Lorenz curve

The Lorenz curve is a key analytical tool used in economics to illustrate the distribution of income or wealth within a population. Developed by the American economist Max O. Lorenz in 1905, it provides a graphical method for assessing economic inequality by comparing the cumulative share of income or wealth with the cumulative share of the population. The curve has subsequently been adopted in other disciplines such as ecology and biodiversity studies, where it is used to describe inequality in species abundance or individual sizes.

Concept and Interpretation

The Lorenz curve plots population percentages on the horizontal axis and cumulative income or wealth percentages on the vertical axis. Each point on the curve provides a statement such as “the bottom 20 per cent of households hold 10 per cent of total income”. A perfectly equal distribution would produce a straight diagonal line from the origin to the top right corner, known as the line of perfect equality, as each proportion of the population would hold a corresponding proportion of the total income. The opposite extreme, the line of perfect inequality, would describe a scenario in which a single individual possesses all available wealth.
In real-world distributions, the Lorenz curve usually bows below the line of perfect equality, indicating varying levels of inequality. The deviation from the equality line provides the basis for several inequality measures, the most notable of which is the Gini coefficient. This coefficient is calculated as the ratio of the area between the line of perfect equality and the Lorenz curve to the total area beneath the equality line. Values closer to one indicate greater inequality.

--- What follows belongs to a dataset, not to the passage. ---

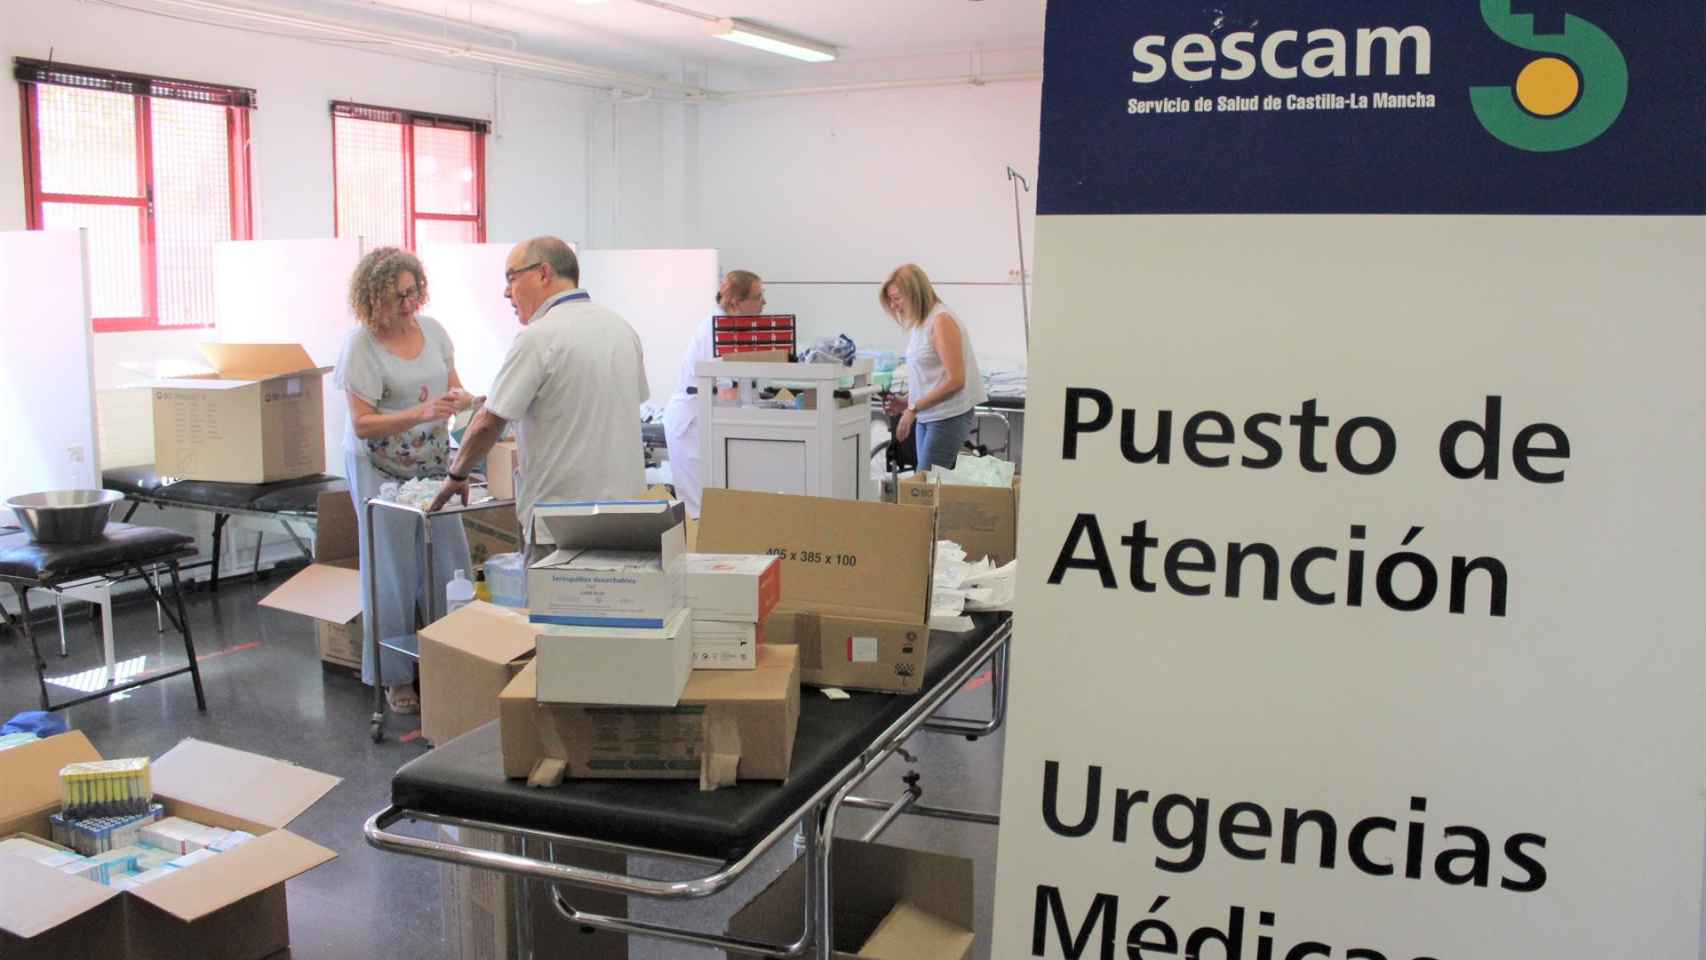 Puesto de Atención a Urgencias Médicas en la Feria de Albacete. Foto: Sescam.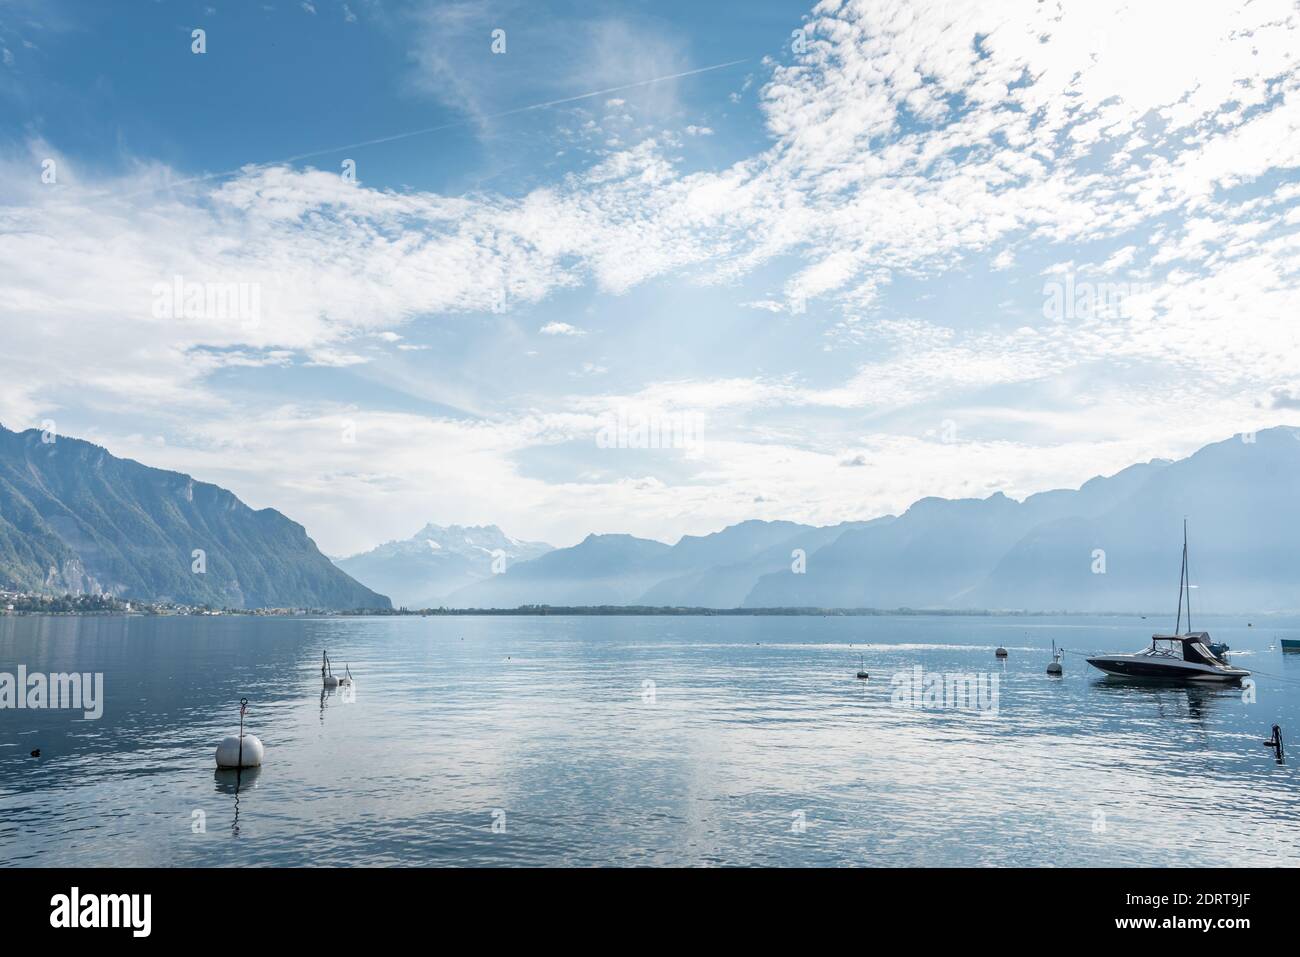 Lac alpin avec eau calme et bateau amarré et entouré de sommets enneigés Banque D'Images

Mathematical Definition and Calculation

The Lorenz curve can be defined and computed for both discrete and continuous probability distributions. It may be understood as a probability plot comparing an observed distribution with a hypothetical uniform distribution of the same variable. The cumulative population proportion is represented on the horizontal axis, while the cumulative proportion of income or wealth is plotted on the vertical axis.
For a discrete distribution, given income values arranged in non-decreasing order, the Lorenz curve is obtained by:

• Calculating cumulative population shares,
• Calculating cumulative income shares,
• Plotting the resulting paired values and joining them with line segments.

If all individuals are equally probable, the cumulative population fraction increases uniformly, while the cumulative income share is determined by the sum of observed values relative to the total.
For a continuous distribution, with a probability density function and cumulative distribution function, the Lorenz curve may be written in integral form. It expresses the cumulative share of income held by the bottom portion of the population with mean income included as a scaling factor. An equivalent formulation expresses the curve using the inverse cumulative distribution function where appropriate.
The Lorenz curve for many common distributions can be derived explicitly. A well-known example is the Pareto distribution, often used to model high levels of wealth or income concentration in which a small proportion of the population holds a disproportionately large share of total resources.

Properties and Theoretical Characteristics

Lorenz curves exhibit several general properties that make them useful for comparing different distributions:

• They always start at (0,0) and end at (1,1).
• They cannot rise above the line of perfect equality.
• If two Lorenz curves are compared, one may be said to Lorenz dominate the other if it lies nowhere below and at least once above the other curve, indicating a more equal distribution.
• For non-negative variables, the curve cannot dip below the line of perfect inequality; however, for net worth distributions that include negative wealth, the earliest part of the curve can sink below zero.
• They are invariant under positive scaling: multiplying all incomes by a positive constant does not change the Lorenz curve.
• They are affected by translation: adding a constant to all incomes alters the curve because the relative differences between individuals change.
• Differentiability properties link the Lorenz curve to the underlying probability density function, providing useful insights into distributional behaviour at various cumulative levels.

The Lorenz curve also gives rise to additional measures such as the Lorenz asymmetry coefficient, which reflects the degree to which inequality is skewed toward either upper or lower population segments.

Applications in Economics and Beyond

In economics, the Lorenz curve supports the study of income and wealth inequality, offering an intuitive visual representation that complements numerical indicators. Policymakers use it to evaluate the effects of taxation, welfare schemes, and economic reforms on distribution.
Beyond income and wealth, the curve is widely applied to assess inequality in areas such as:

• Asset distribution, including the ownership of land or capital;
• Ecological studies, where it describes disparities in the sizes of organisms within a species or the abundance of different species within an ecosystem;
• Biodiversity analysis, in which cumulative species proportions are plotted against cumulative individual counts.

The curve’s adaptability enables its use across a broad range of scientific, social, and environmental contexts.

Significance for Inequality Measurement

The power of the Lorenz curve lies in its ability to summarise complex distributional information through a simple geometric representation. It provides the foundation for numerous inequality indices, the most prominent being the Gini coefficient, but also measures such as the Atkinson index, Theil index, and Hoover index. Statistical software packages frequently include built-in functions for plotting Lorenz curves and calculating associated metrics, facilitating their use in academic research and policy analysis.